**TASK PROMPT:** The answer is the exact run of lines in the listing below from the line containing "Аэропорт мюнхена franz" up to and including the line containing "La province de", with pictures removed.

**DATA UNDER STUDY:**
****
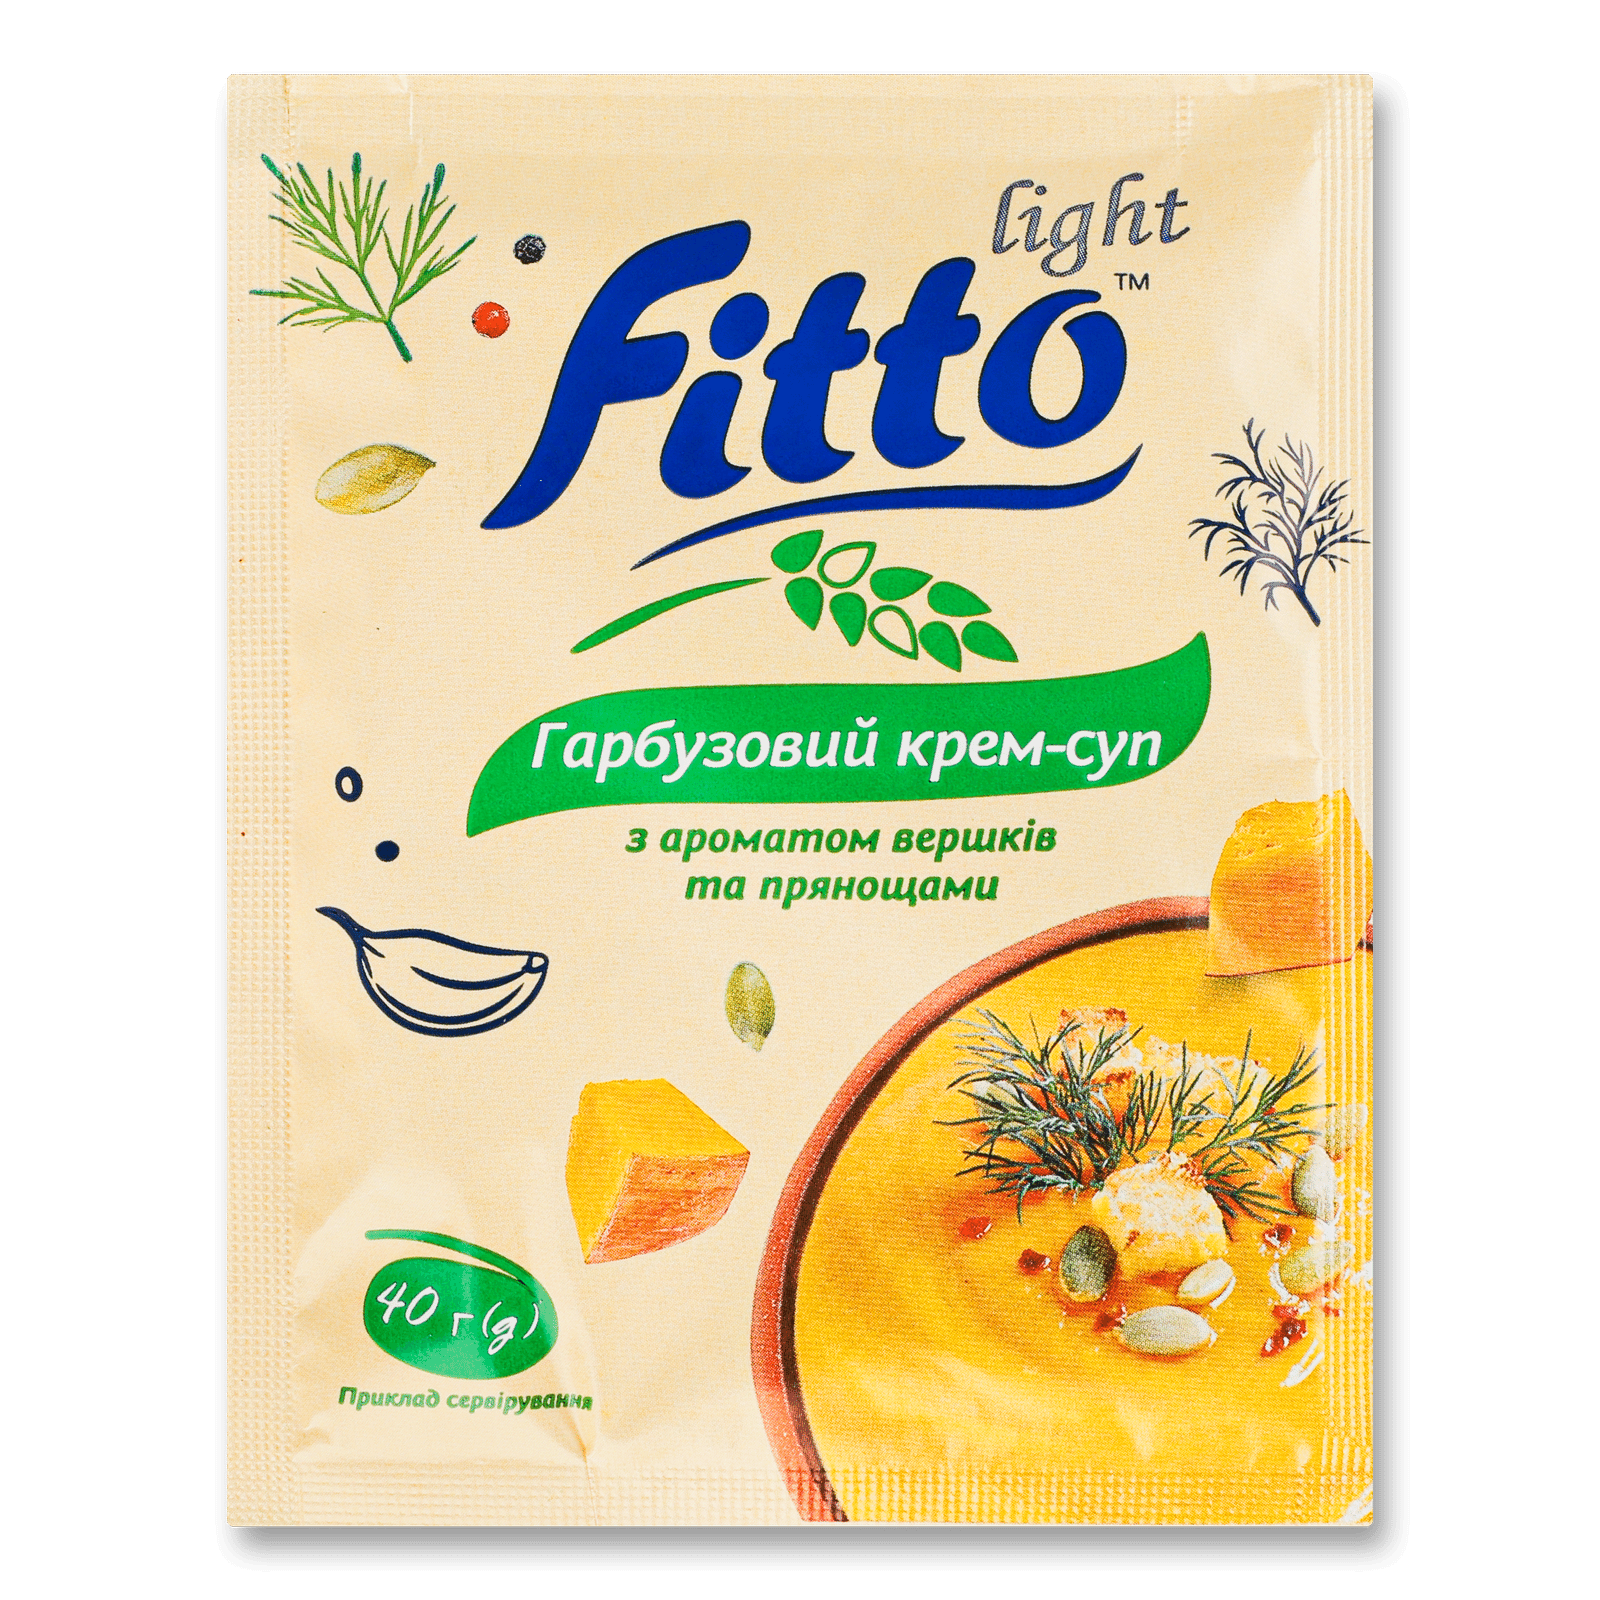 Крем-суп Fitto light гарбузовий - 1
****
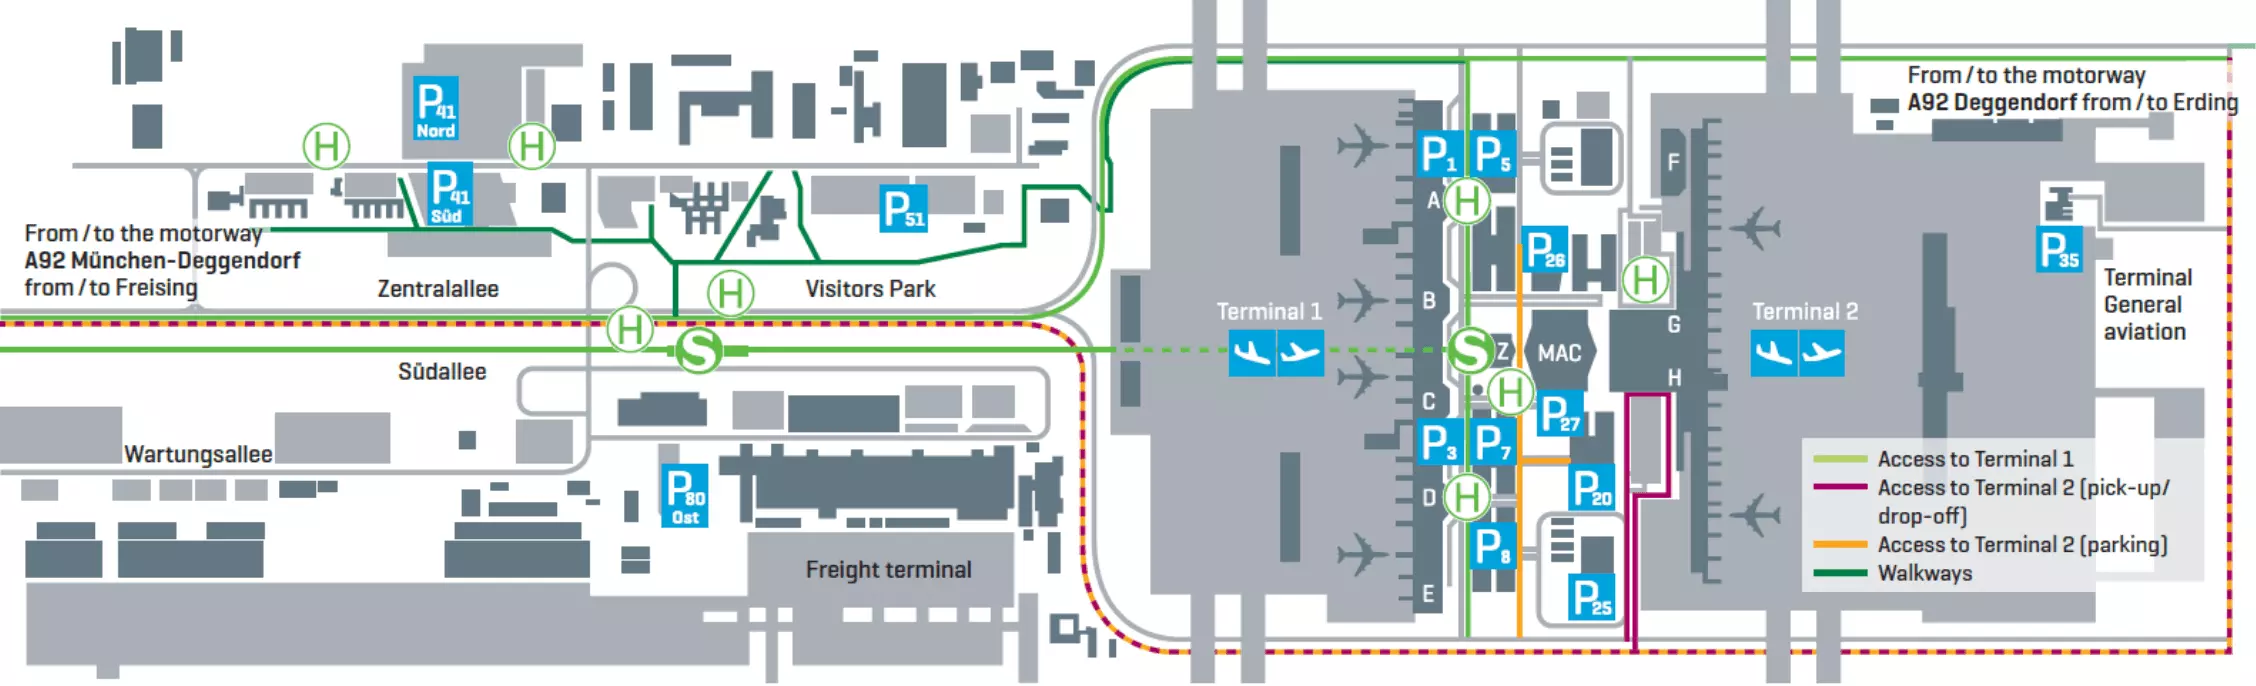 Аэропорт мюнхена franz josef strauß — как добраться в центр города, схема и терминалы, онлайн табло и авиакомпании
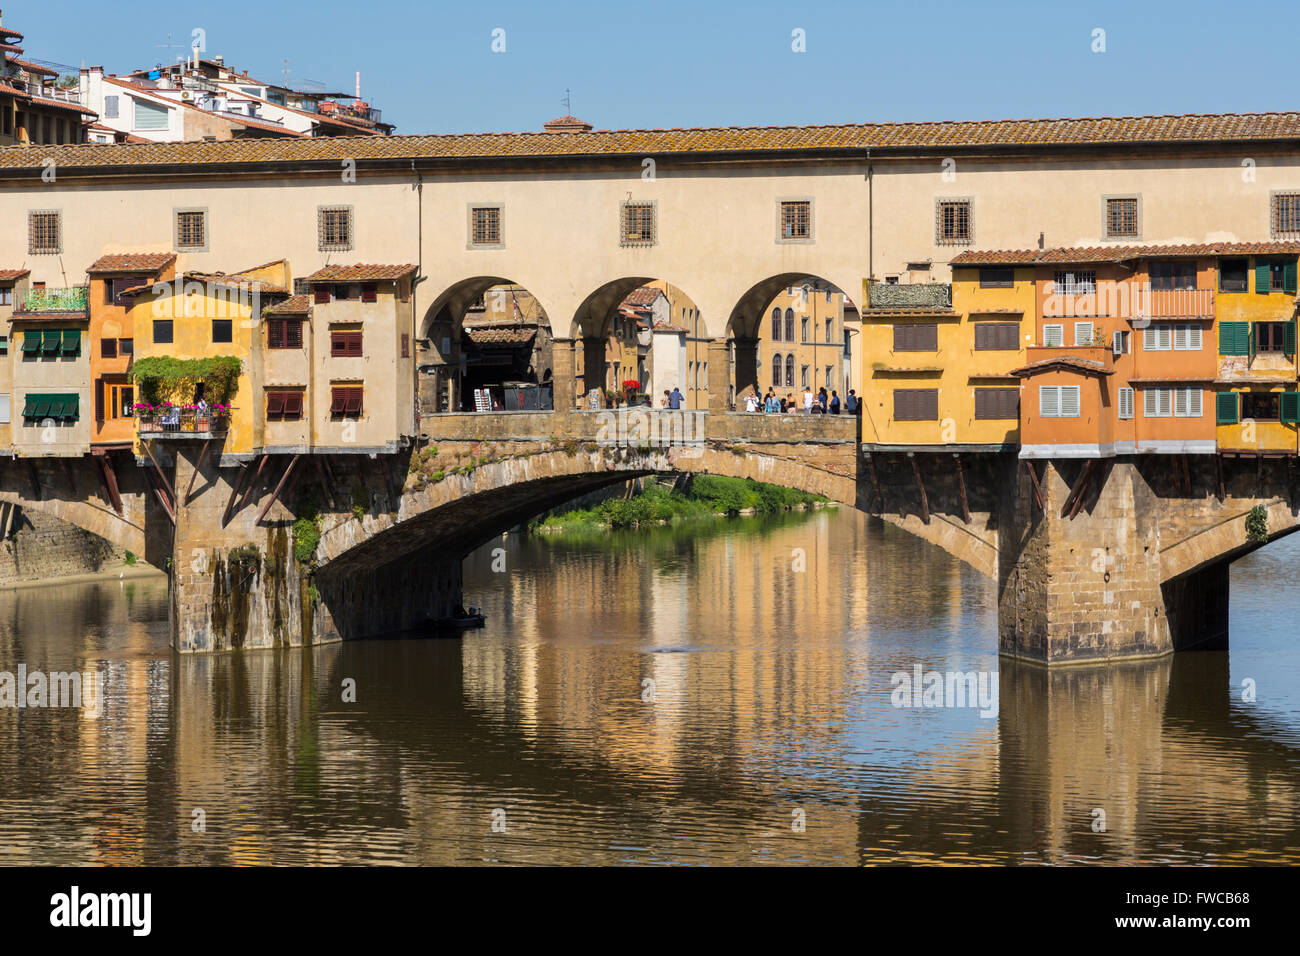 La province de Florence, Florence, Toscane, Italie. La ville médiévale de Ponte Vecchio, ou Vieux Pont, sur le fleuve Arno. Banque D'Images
****
**RESPONSE AREA:**
 Аэропорт мюнхена franz josef strauß — как добраться в центр города, схема и терминалы, онлайн табло и авиакомпании
 La province de Florence, Florence, Toscane, Italie. La ville médiévale de Ponte Vecchio, ou Vieux Pont, sur le fleuve Arno. Banque D'Images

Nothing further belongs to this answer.